▶ **Exercise brief**:
Write out again, word for word, the lines below from the line that holds "Nimbus investigating his" through the line that holds "New Era 59Fifty", omitting pictures.

▶ **Data provided**:
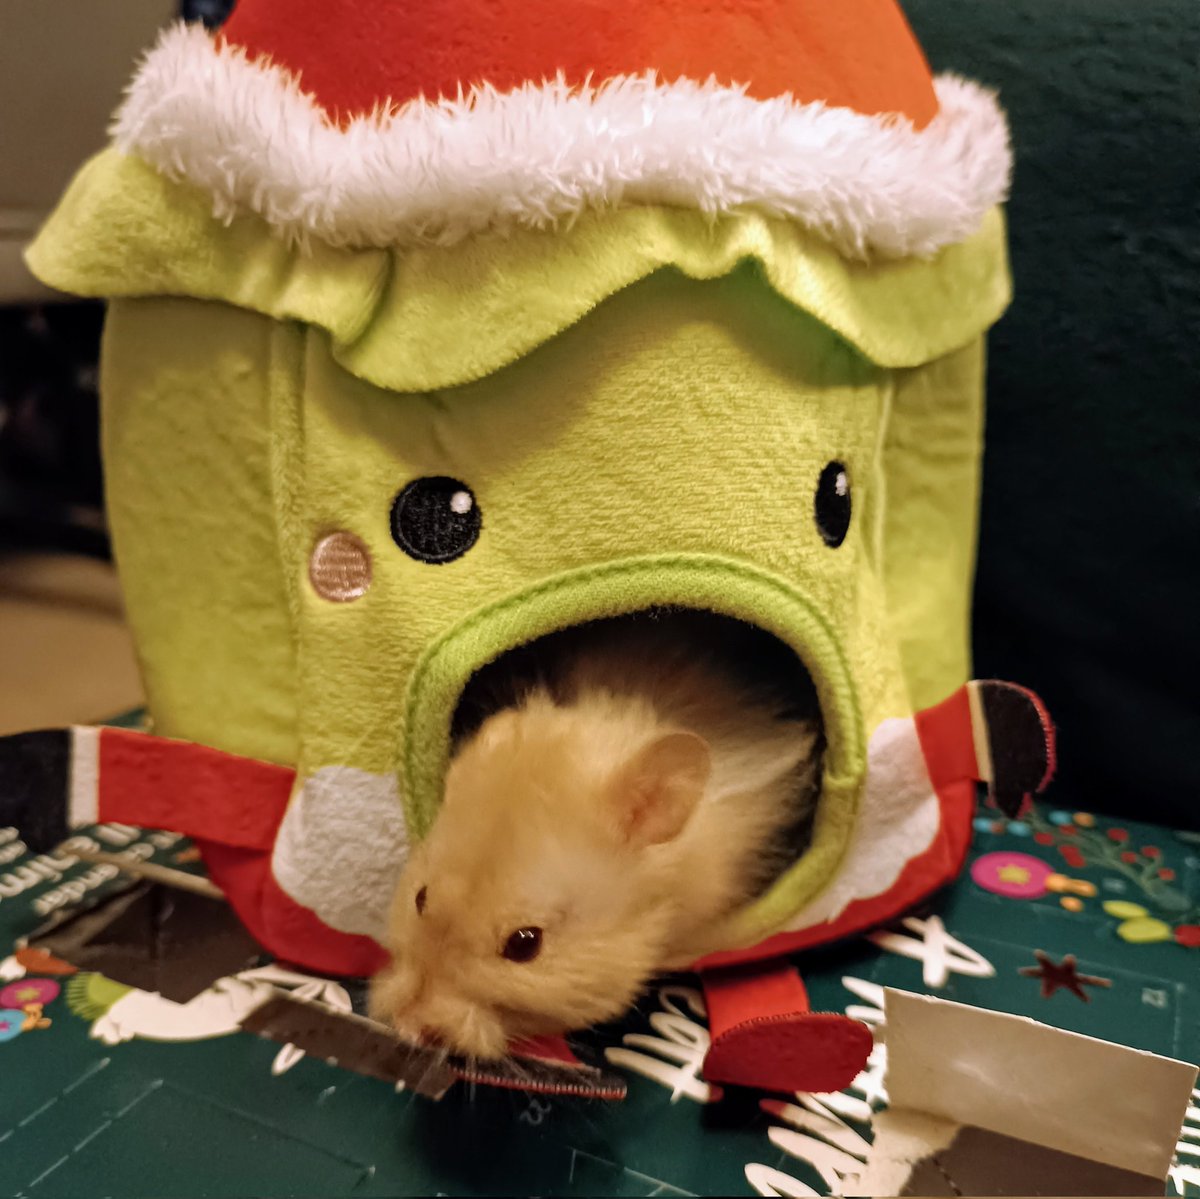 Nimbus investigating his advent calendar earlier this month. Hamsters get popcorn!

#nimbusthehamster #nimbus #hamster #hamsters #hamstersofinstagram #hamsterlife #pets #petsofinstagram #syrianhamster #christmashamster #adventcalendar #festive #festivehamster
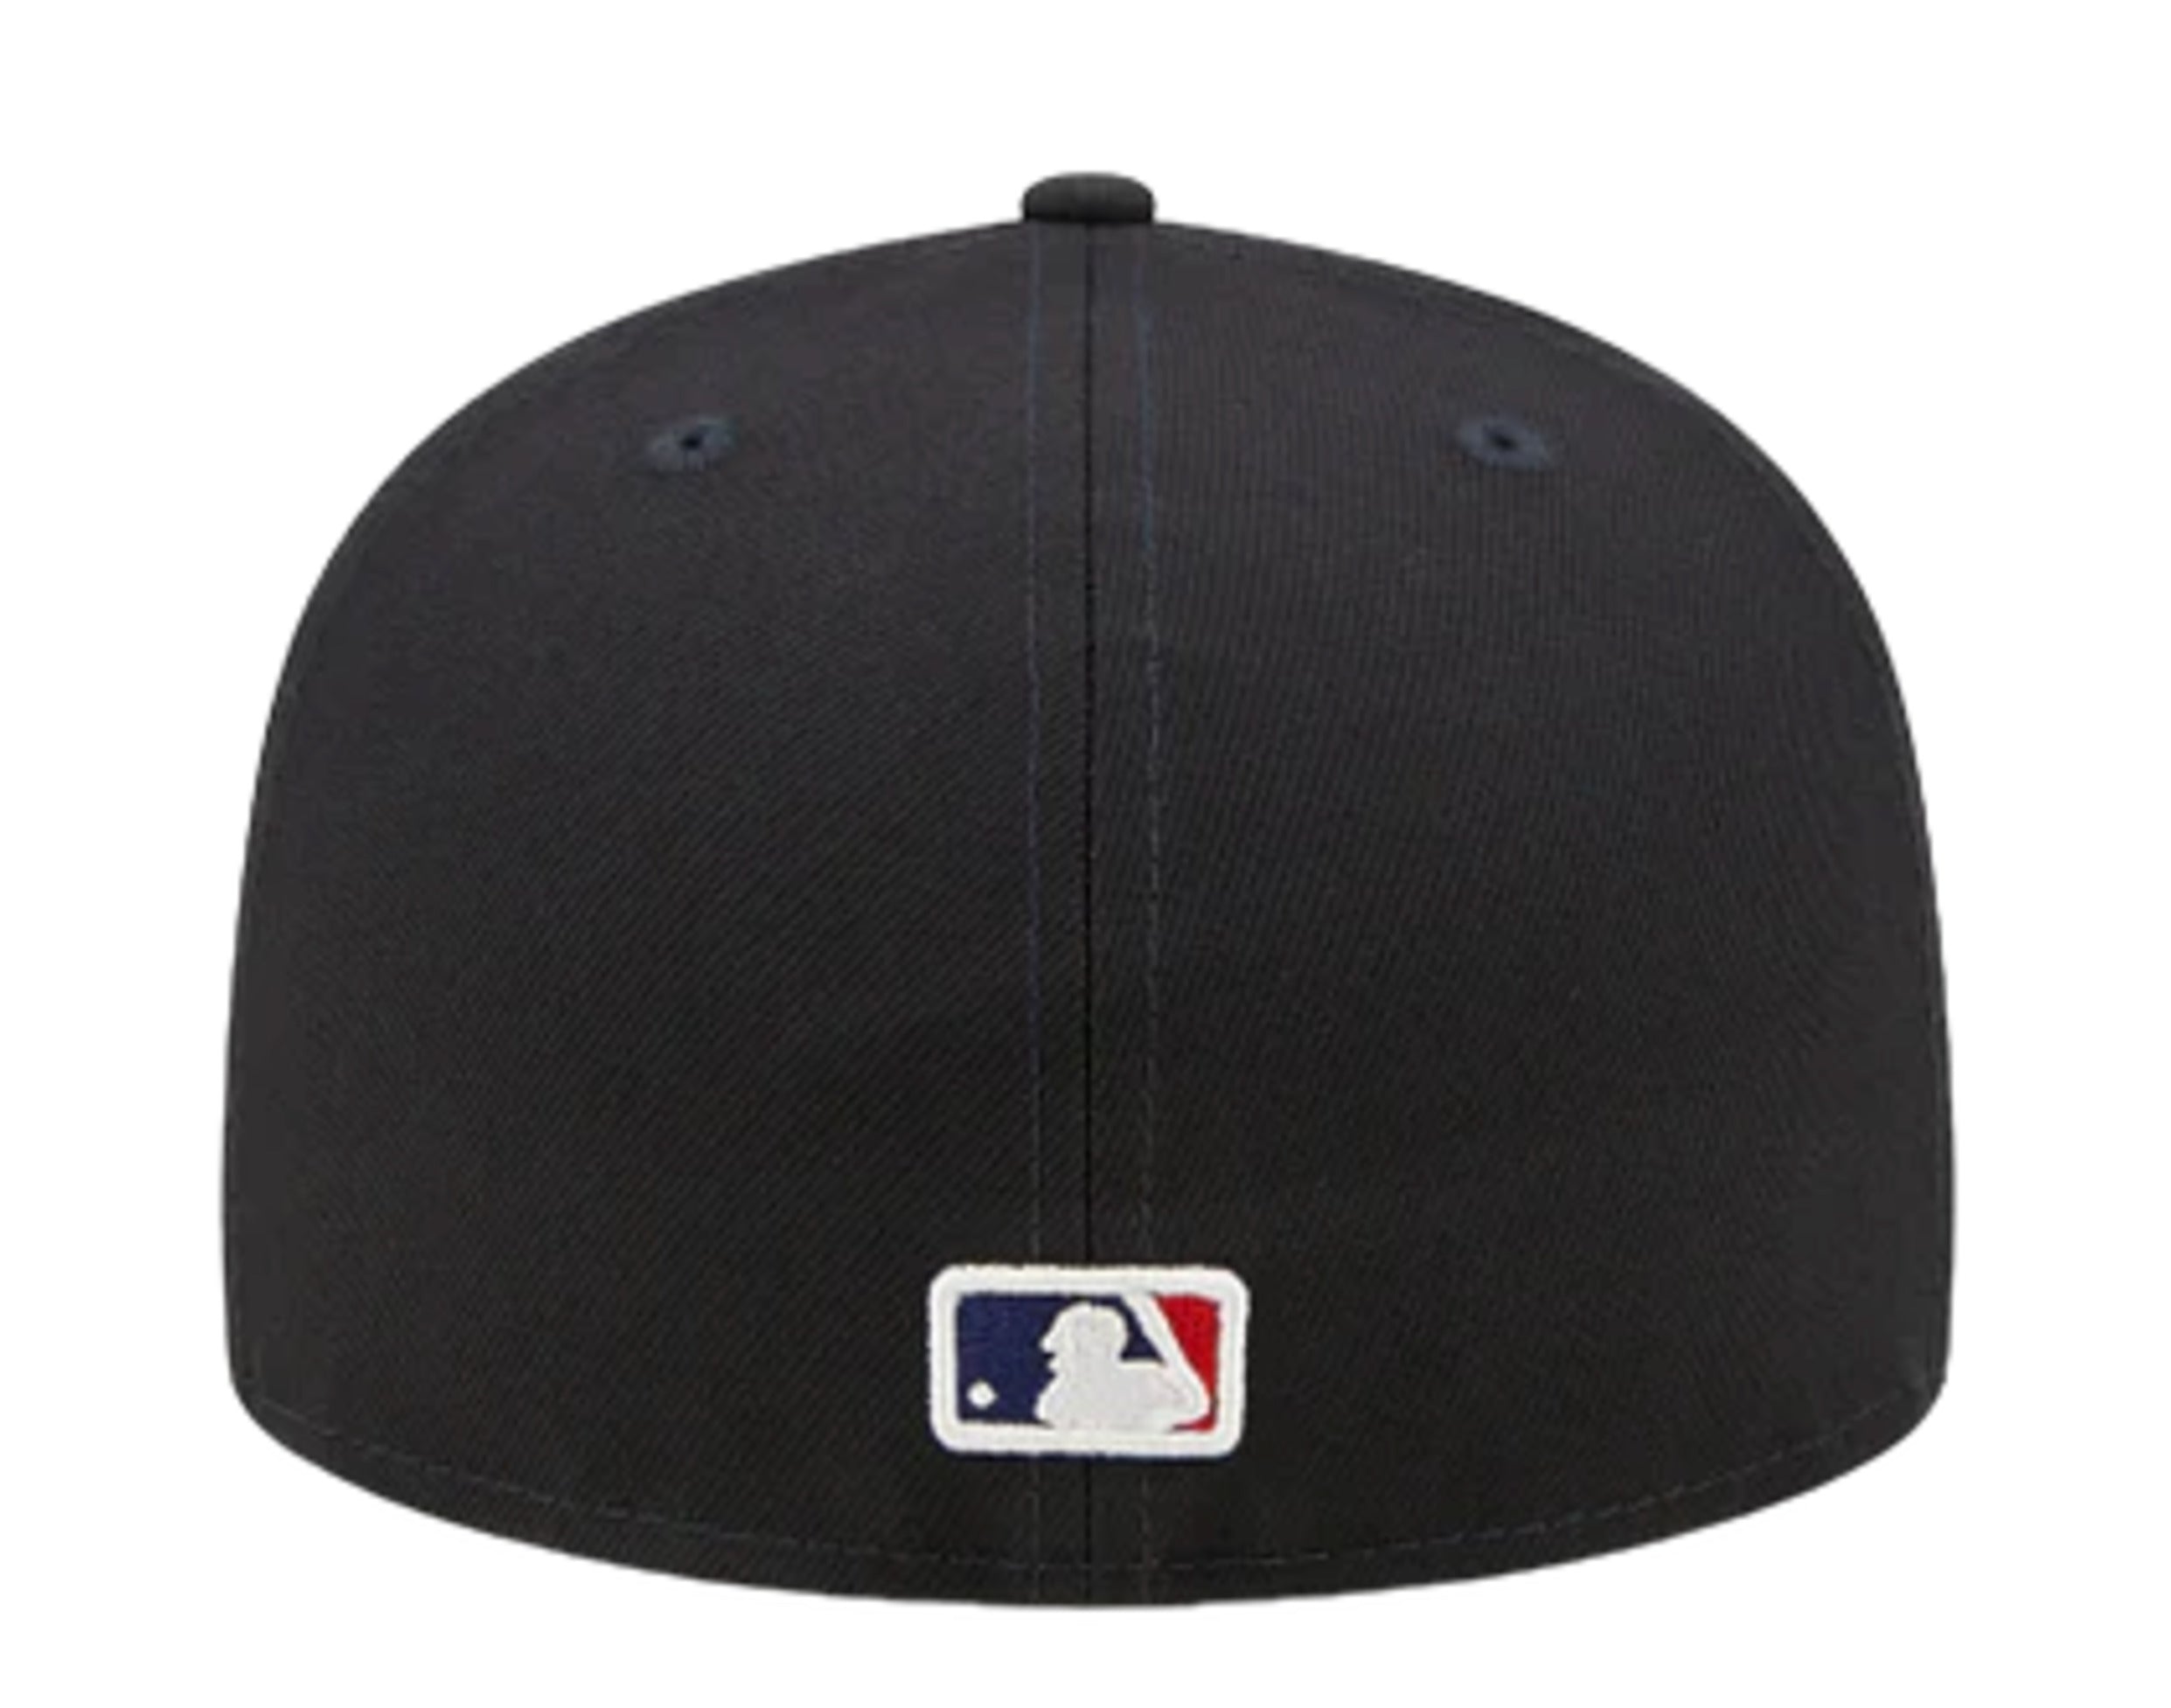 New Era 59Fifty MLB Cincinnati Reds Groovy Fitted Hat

==

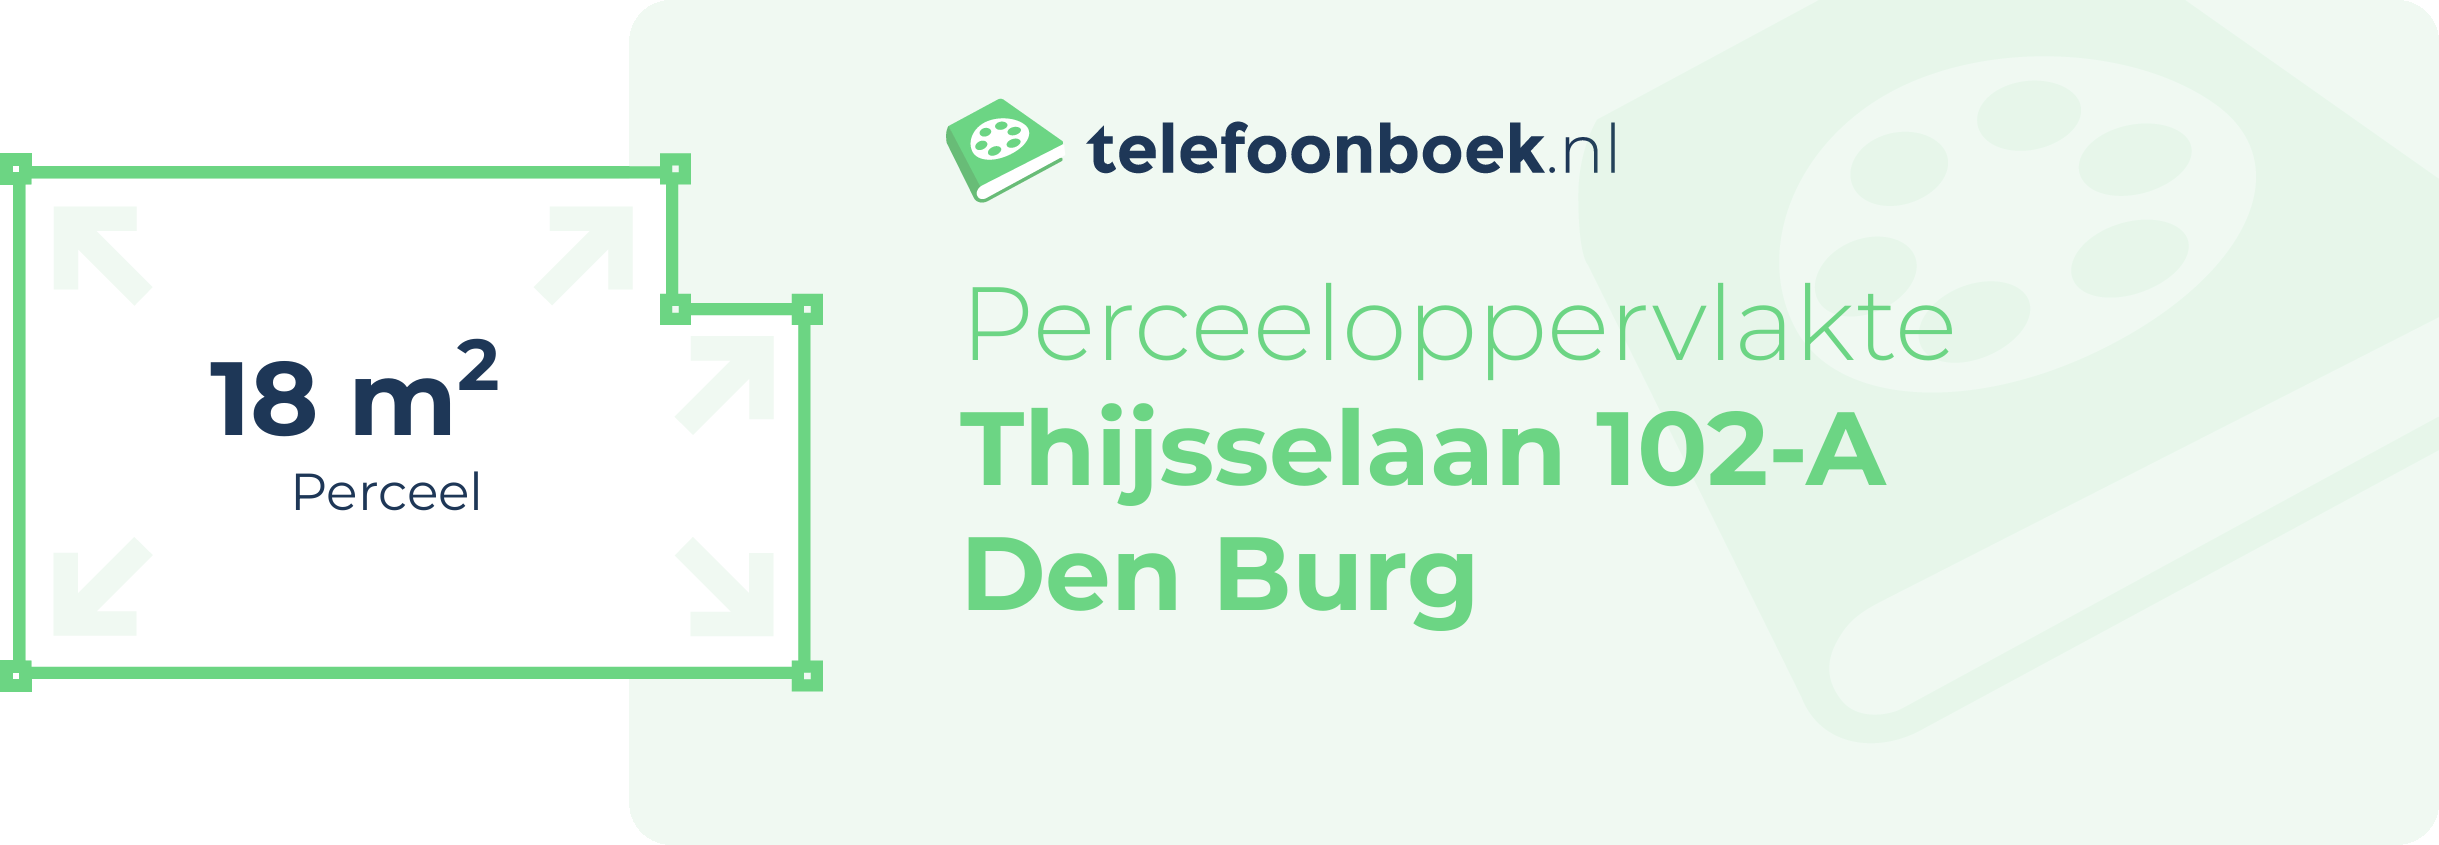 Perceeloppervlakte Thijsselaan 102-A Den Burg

▶ **Response for this exercise**:
 Nimbus investigating his advent calendar earlier this month. Hamsters get popcorn!

#nimbusthehamster #nimbus #hamster #hamsters #hamstersofinstagram #hamsterlife #pets #petsofinstagram #syrianhamster #christmashamster #adventcalendar #festive #festivehamster
 New Era 59Fifty MLB Cincinnati Reds Groovy Fitted Hat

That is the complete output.